Independent of its anticoagulant properties, antithrombin exerts anti-inflammatory and anti-proliferative effects also. A number of studies have documented the ability of antithrombin to inhibit leukocyte rolling and adhesion.¹⁶ The ability of this molecule to inhibit leukocyte-endothelial cell interaction is at least partly due to the release of prostacyclins from endothelial cells. Oelschlager et al have shown that antithrombin produces a dose-dependent reduction in both lipopolysaccharide and tumor necrosis factor alpha activation of nFKB in cultured monocytes and endothelial cells. As a result, the synthesis of pro-inflammatory mediators such as IL-6, IL-8, and TNF is decreased, leading to an anti-inflammatory effect.

A number of studies have also shown that cleaved antithrombin has potent anti-angiogenic and anti-tumor properties. Larsson and colleagues have shown that fibroblast growth factor (FGF)- induced angiogenesis in the chick embryo and angiogenesis in mouse fibrosarcoma tumors is inhibited by treatment with latent antithrombin. There is literature to suggest that latent antithrombin may also induce apoptosis of endothelial cells by disrupting cell-matrix interactions.

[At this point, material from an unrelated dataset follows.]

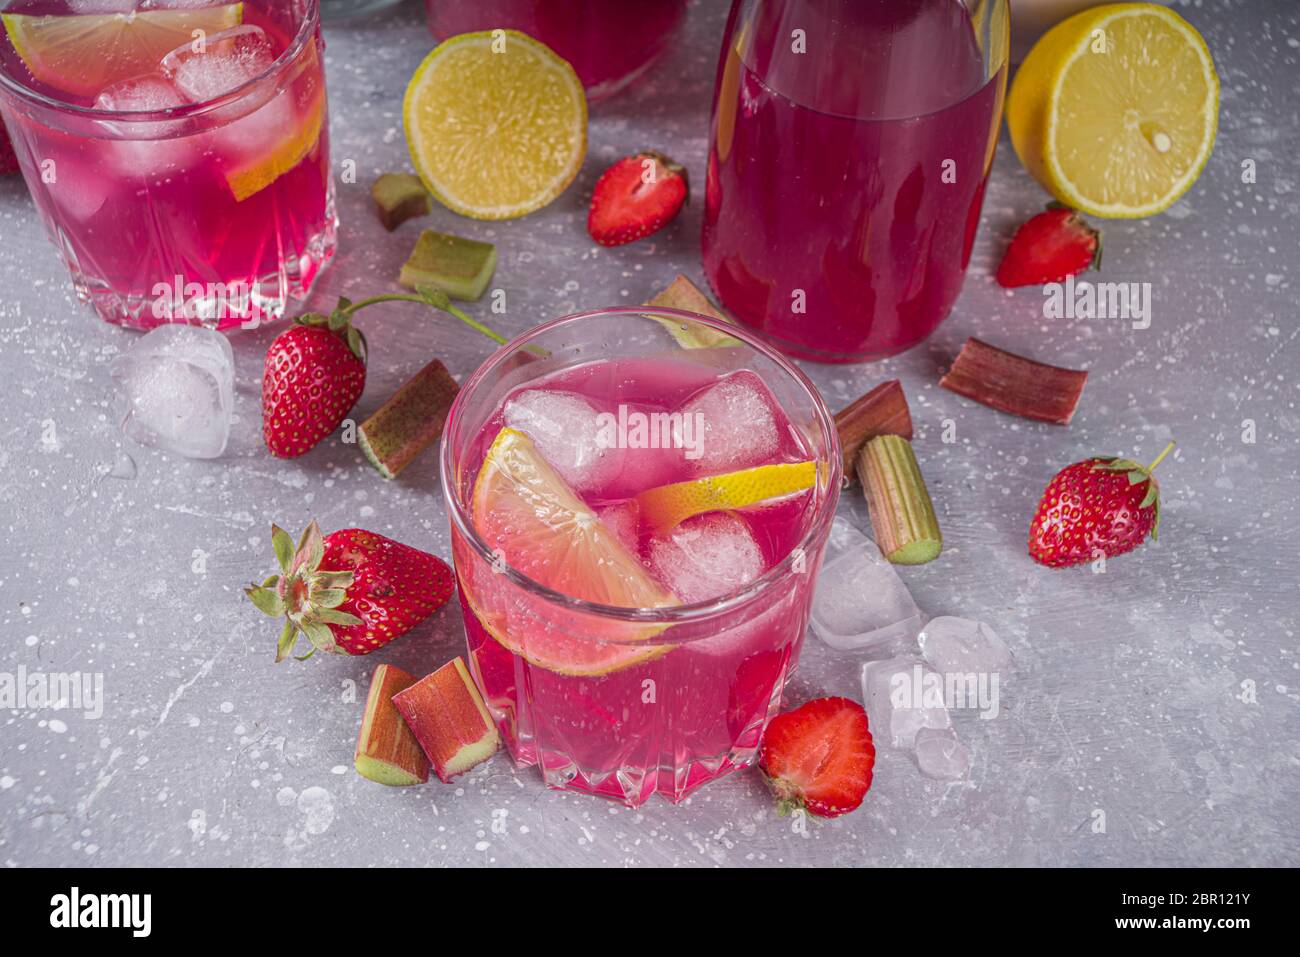 Rhubarbe maison et cocktail d'alcool aux fraises. Liqueur ou gin de rhubarbe,  sur fond gris avec rhubarbe fraîche, fraises, citron, menthe Photo Stock -  Alamy

Patients with antithrombin deficiency have prolonged circulation of activated coagulation factors, which increases the risk of thrombus formation at sites that fulfill Virchow's postulates (stasis, alteration of coagulability of the blood, and vessel wall damage). A 50% reduction in the level of antithrombin activity is sufficient to tilt the balance in favor of thrombosis; patients who are heterozygous for antithrombin deficiency have a variable incidence of thrombotic disease, whereas most homozygous individuals have a 100% frequency of thrombotic disease, which may be fatal at an early age.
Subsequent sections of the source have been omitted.